Sex & Drugs & Rock ‘n’ Roll – “A generat-ional thing.”
October 13, 2009Brand new from our friends at Omnibus Press

Raw Footage
ISBN: 9780711941311
Price: $24.95
Height: 12, Width: 9
Pages: 192
Binding: Paperback
Publication 9/1/2009
The cover promises “X-Rated Photos” and there are plenty of bare breasts and occasional limp penises, but this piece of pop history is interesting for other reasons depending upon who you, the reader are… For my generation—the first to embrace rock music—it recalls the rebellion of those days. For my parents, who shook their finger in warning at “sex, drugs and rock ‘n’ roll,” it was the unraveling of the status quo, something they had always aspired to. I remember my dad going fishing so he wouldn’t have to endure Elvis’s first appearance on the hallowed Ed Sullivan show. He knew I would watch it, and to his credit didn’t forbid it, but for mom and dad it was against everything their values stood for. (As it turned out, Elvis wore a tux and the camera didn’t show him from waist down.) If my parents were alive today and saw a book like this, they would say, “I told you so.”
On the other hand, I don’t think my children would see these antics as anything but scraps of past decades they had moved beyond. Would they want to see Miley Cyrus topless, The Jonas Brothers without pants? I think the questions might seem irrelevant to them. And studying many of the pictures, they could just be right. There are a few photos that transcend voyeurism: Elton John with Freddie Mercury of Queen obviously drawn to each other, a smoke-screened Bob Marley with a bong as big as a cheap cigar, David Bowie and a German transvestite, the full-frontal of Iggy Pop, Ozzie Osbourne sitting bare-ass on a toilet having a smoke plus an intriguing picture of a nude girl with this painted across her body, ”LESSON 2. ESTABLISH THE NAME SEX PISTOLS.” And, is that really a picture of Princess Di, lowering the top of her dress on page 65? Many of the photographs, such as naked Mick Jagger and Jerry Hall, show they are more than aware of the camera, of making a statement, than of each other. On the other hand I find the most appealing pictures are of naked flower-children at the French Pop and Isle of Wright festivals in 1970. Of course they would be in their 60s today. And it’s that kind of perspective that makes me wonder.

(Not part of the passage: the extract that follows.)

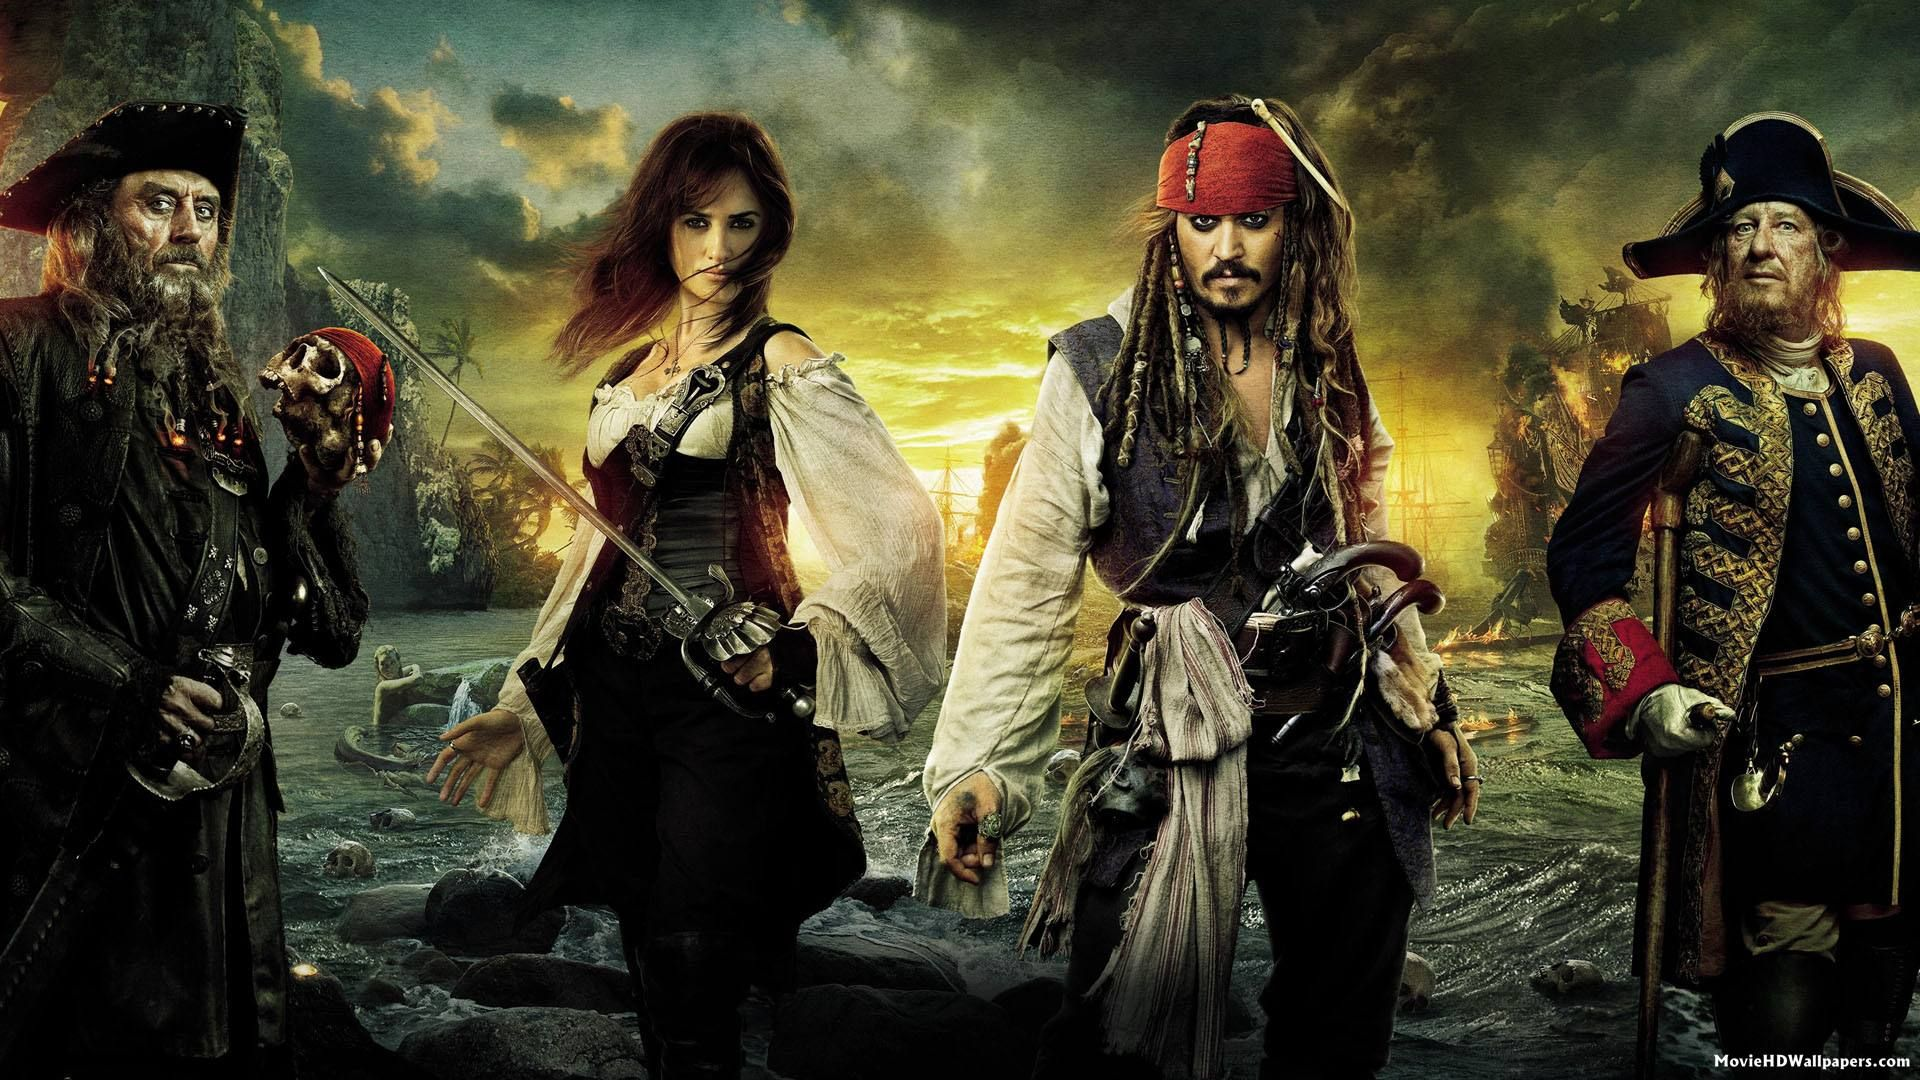 Pirates Of The Caribbean On Stranger Tides 2011 Movie Hd On Stranger Tides Pirates Of The Caribbean Captain Jack Sparrow

It’s just as well there isn’t any text. Whatever this frenetic behavior was about, words couldn’t do much more than the pictures. The publisher had done a nice job of packaging the material, and the chapter headings themselves are amusing, “Sometimes Things Get a Little Out of Hand,” “Meanwhile Back at the Hotel,” “Backstage Passes” and “Feeling Itchy.” The first edition of this book appeared in 1985. It spawned a sequel and the current edition combines both. You might take it from your coffee table if your parents or your sophisticated teens are around, but on some night it is worth turning down the lights, putting on a classic rock album, opening Sex & Drugs & Rock ‘n’ Roll and taking a little trip. A trip back to a time when even decadence was simpler.